What school costs — and when it pays off
Doctorate / PhD · The long road — bachelor's, master's, and a PhD. Around 10 years of school total.
The chart shows your annual salary over time alongside the annual loan repayment. The shaded band at the bottom is what goes to the loan each year — when it disappears, your full salary is yours.
Long road to earn back the school cost, but the eventual earnings advantage is real.
Entry-level salary
$95K
25th percentile — what most people start at
Experienced salary
$210K
75th percentile — after ~10 years in the field
School & training cost
$200K
+ $85K interest over 10 yrs
Loan paid off
Year 20
$2,378/mo for 10 years
First year of work
After loan's paid (yr 20)
Salary range reflects 25th–75th percentile nationally, growing from entry-level to experienced over 10 working years. School costs are national averages — yours will vary. Loan assumes you borrow the full amount at 7.54% interest, repaid over 10 years. Monthly figures are pre-tax.
The first years
Undergrad (Year 1–4)
You're getting a bachelor's degree, and the major doesn't have to be 'pre-law' — political science, environmental science, biology, and English are all common. You're focused on GPA because law school admissions care a lot about it, and you're studying for the LSAT in your junior or senior year. You might intern at a nonprofit, a congressional office, or do environmental field work to figure out if you actually care about this stuff or just like the idea of it.
Law School (Year 5–7)
Three years of intense reading, case briefs, and cold calls in class. Your first year is mostly required courses (contracts, torts, civil procedure) — you don't get to touch environmental law until year two. Tuition runs $30K–$75K per year, and most students graduate with $100K–$200K in debt. You take environmental law electives, join the environmental law journal if your school has one, and try to land a summer internship at the EPA, a state agency, or a nonprofit like Earthjustice — these pay little or nothing, but they're how you get hired later.
Decision point
After your second summer of law school, you have to choose a track: take a high-paying corporate firm job (often defending companies in environmental disputes, $200K+ starting) to pay off your debt, or take a public interest or government job ($60K–$80K starting) that aligns with why you went into this. Both lead to 'environmental law' careers, but the day-to-day work and the clients are very different, and switching sides later is harder than people admit.

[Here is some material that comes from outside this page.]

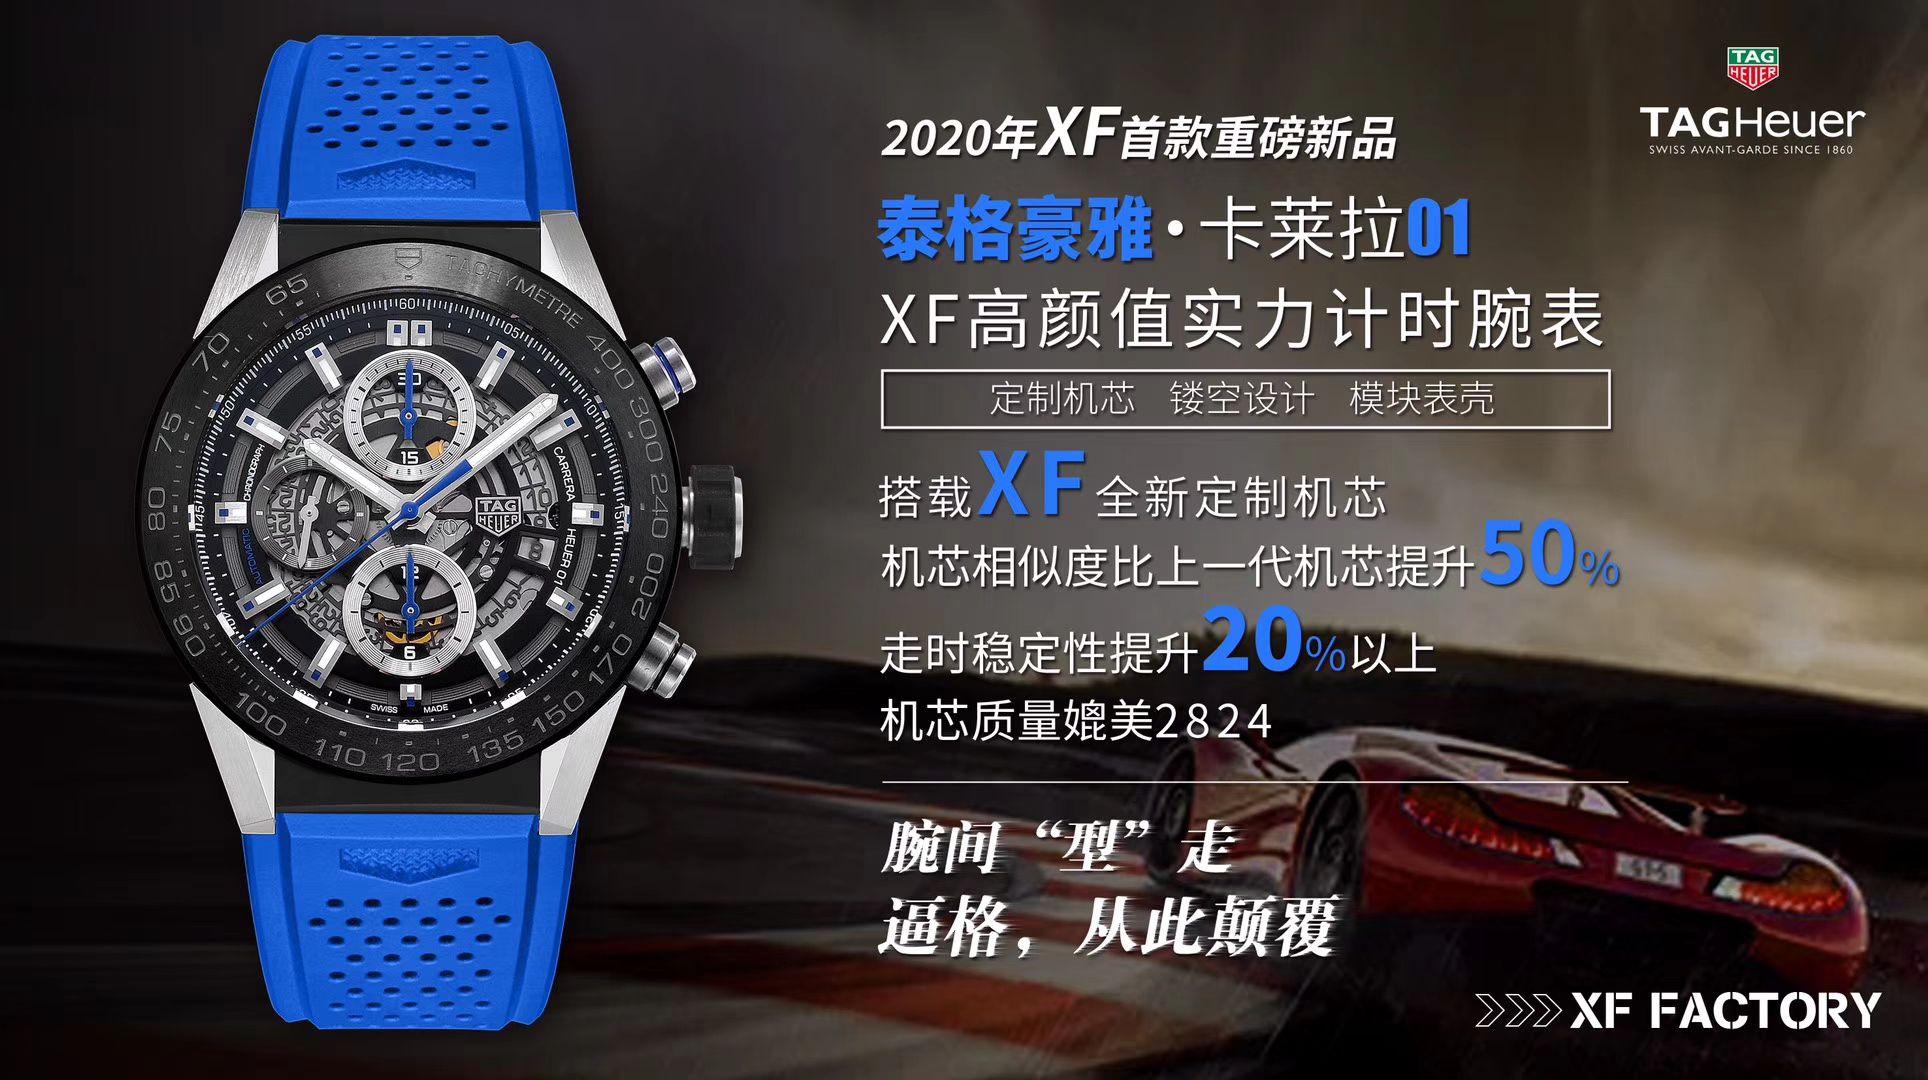 XF厂顶级复刻手表泰格豪雅卡莱拉系列CAR2A1Z.FT6044腕表 / TG091

Bar Prep & First Year Licensed (Year 7–8)
You graduate, then spend 2–3 months studying full-time for the bar exam — it's brutal and you're not getting paid. Once you pass and get sworn in, you're a junior associate or staff attorney doing the grunt work: document review, legal research, drafting sections of briefs that a senior attorney will rewrite. You're billing 1,800–2,200 hours a year if you're at a firm, which means actually working closer to 2,500. You rarely see a courtroom; most of your time is spent reading regulations, agency records, and technical reports you barely understand at first.